How to merge two or three 3D arrays in python?

5.6k views Asked by At

I have time series data in hdf format. I use the code below to read the data from the hdf files. Now I tried to join data on the basis of latitude and longitude for those data having same jdn (julian day number). Data with same julian day number represent the continuous spatial data

import glob
import numpy as np
import os
from pyhdf.SD import SD,SDC


files = glob.glob('MOD04*')
files.sort()
for f in files:
    product = f[0:5]+ '-Atmospheric Product'
    year = f[10:14]
    jdn = f[14:17] # julian day number

    # Read dataset.
    hdf = SD(f, SDC.READ)
    data3D = hdf.select('Deep_Blue_Aerosol_Optical_Depth_550_Land')
    data = data3D[:,:].astype(np.double)

    # Read geolocation dataset 
    lat = hdf.select('Latitude')
    latitude = lat[:,:]
    lon = hdf.select('Longitude')
    longitude = lon[:,:]

my data are attached in this link: https://drive.google.com/folderview?id=0B2rkXkOkG7ExX2lTTWEySU1fOWc&usp=sharing

2

There are 2 answers

5
Heather QC On BEST ANSWER

Numpy's hstack, vstack, or dstack (depending on the axis you'd like to join the arrays) will join multidimensional arrays.

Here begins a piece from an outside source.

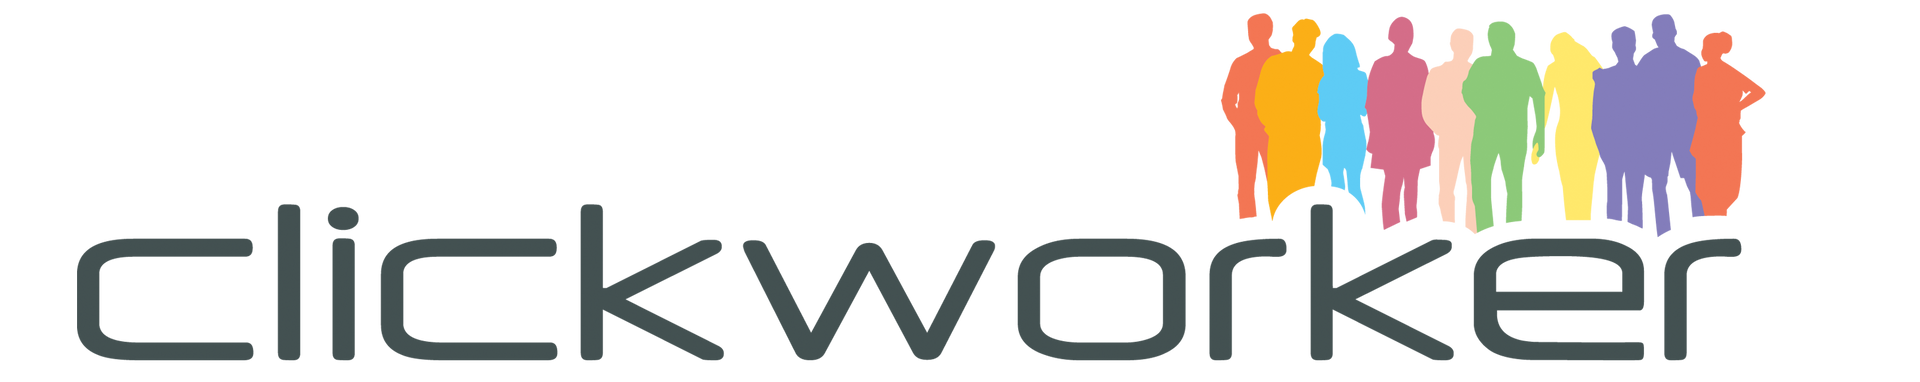 Image of clickworker logo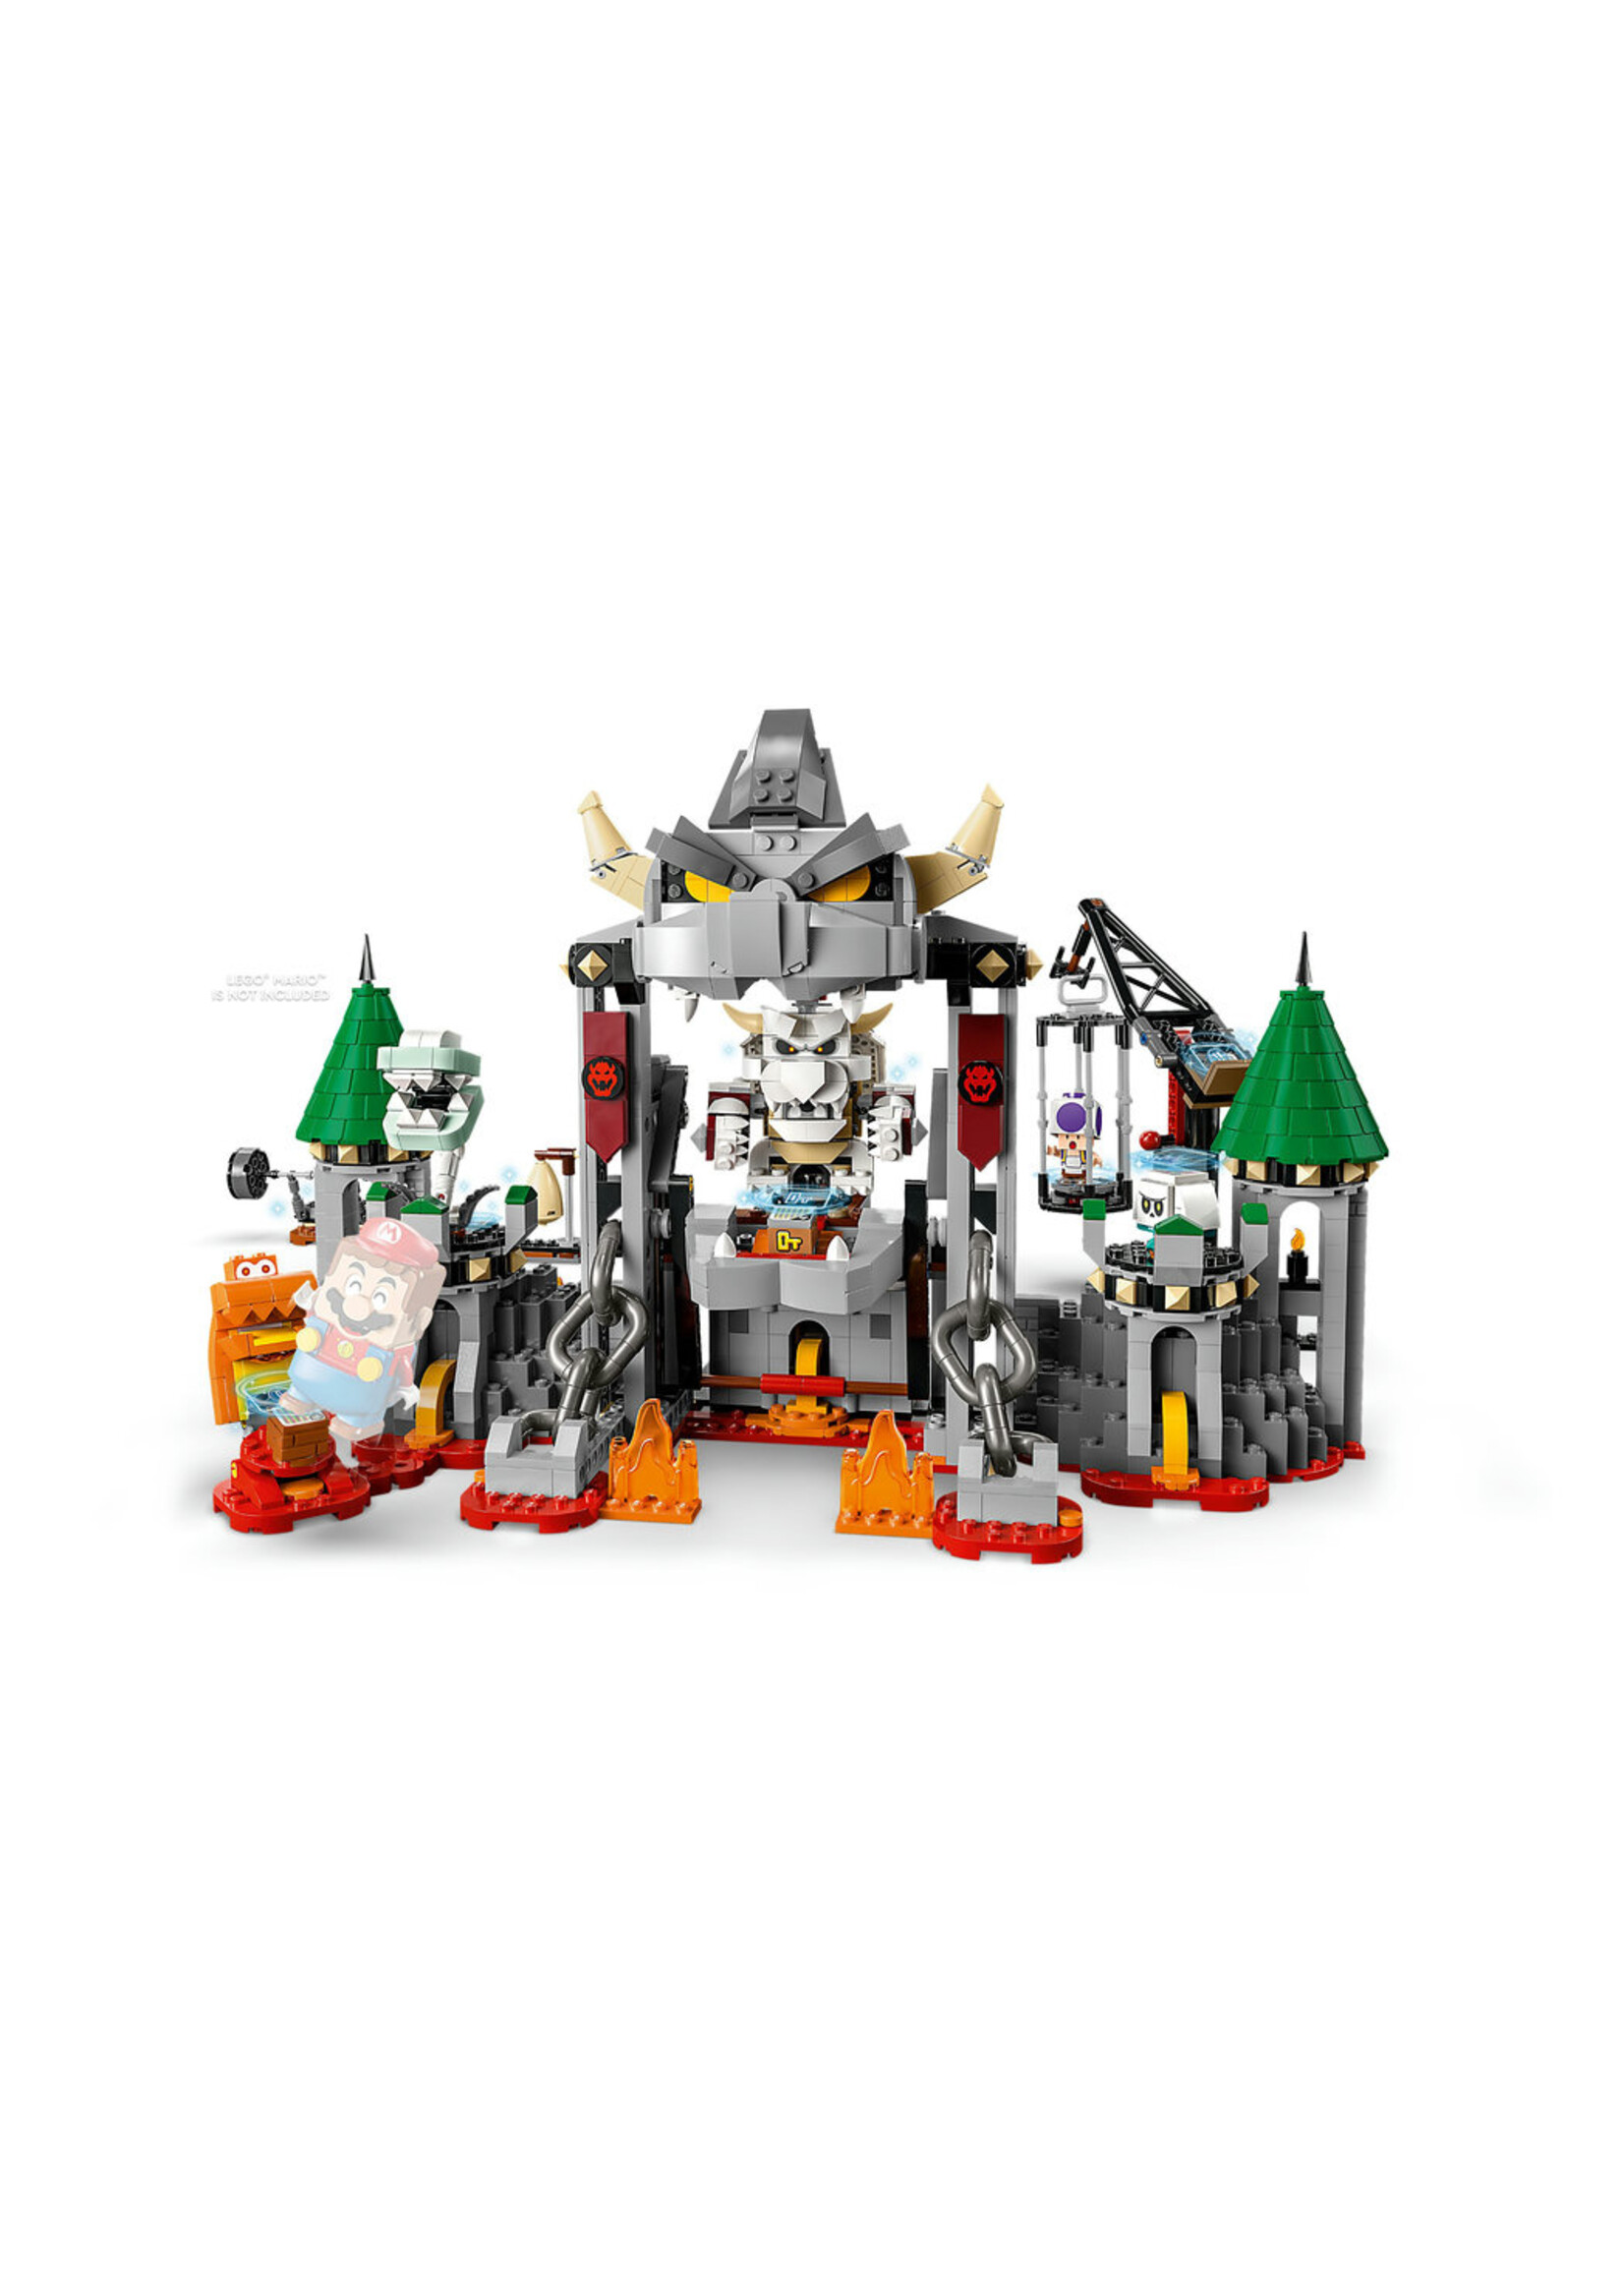 LEGO 71423 - Dry Bowser Castle Battle Expansion Set

Note that for MODIS aerosol data specifically, using hstack to join the arrays will occasionally throw an error because sometimes the arrays are 203 x 135 and sometimes 204 x 135 so the horizontal dimension won't always match

Building on your code (not pretty, but functional):

import glob
import numpy as np
import os
from pyhdf.SD import SD,SDC


files = glob.glob('MOD04*')
files.sort()
for n, f in enumerate(files):
    product = f[0:5]+ '-Atmospheric Product'
    year = f[10:14]
    jdn = f[14:17] # julian day number

    # Read dataset.
    hdf = SD(f, SDC.READ)
    data3D = hdf.select('Deep_Blue_Aerosol_Optical_Depth_550_Land')
    data = data3D[:,:].astype(np.double)

   # Read geolocation dataset 
    lat = hdf.select('Latitude')
    latitude = lat[:,:]
    lon = hdf.select('Longitude')
    longitude = lon[:,:]

    if n != 0 and jdn != old_jdn:
        #do analysis; write to file for later analysis; etc.
        pass

    if n == 0 or jdn != old_jdn:
        data_timeseries = data
        latitude_timeseries = latitude
        longitude_timeseries = longitude
    else:
        data_timeseries = np.vstack((data_timeseries, data))
        latitude_timeseries = np.vstack((latitude_timeseries, latitude))
        longitude_timeseries = np.vstack((longitude_timeseries, longitude))

    print data_timeseries.shape
    print latitude_timeseries.shape
    print longitude_timeseries.shape

    old_jdn = jdn
0
Gabriel123 On

just to follow up on Heather QC' answer, here is an illustration of the np.stack functions and which dimensions are concerned:

arr1 = np.array([[[1,2],[2,3]],
                 [[1,2],[2,3]],
                 [[1,2],[2,3]]])

arr2 = np.array([[[5,6],[8,7]],
                 [[7,6],[7,8]],
                 [[6,7],[7,8]]])

print("arr1 shape  ", arr1.shape)    
print("arr2 shape  ", arr2.shape)    
print("vstack shape", np.vstack((arr1, arr2)).shape)
print("hstack shape", np.hstack((arr1, arr2)).shape)
print("dstack shape", np.dstack((arr1, arr2)).shape)

>>> arr1 shape   (3, 2, 2)
>>> arr2 shape   (3, 2, 2)
>>> vstack shape (6, 2, 2)
>>> hstack shape (3, 4, 2)
>>> dstack shape (3, 2, 4)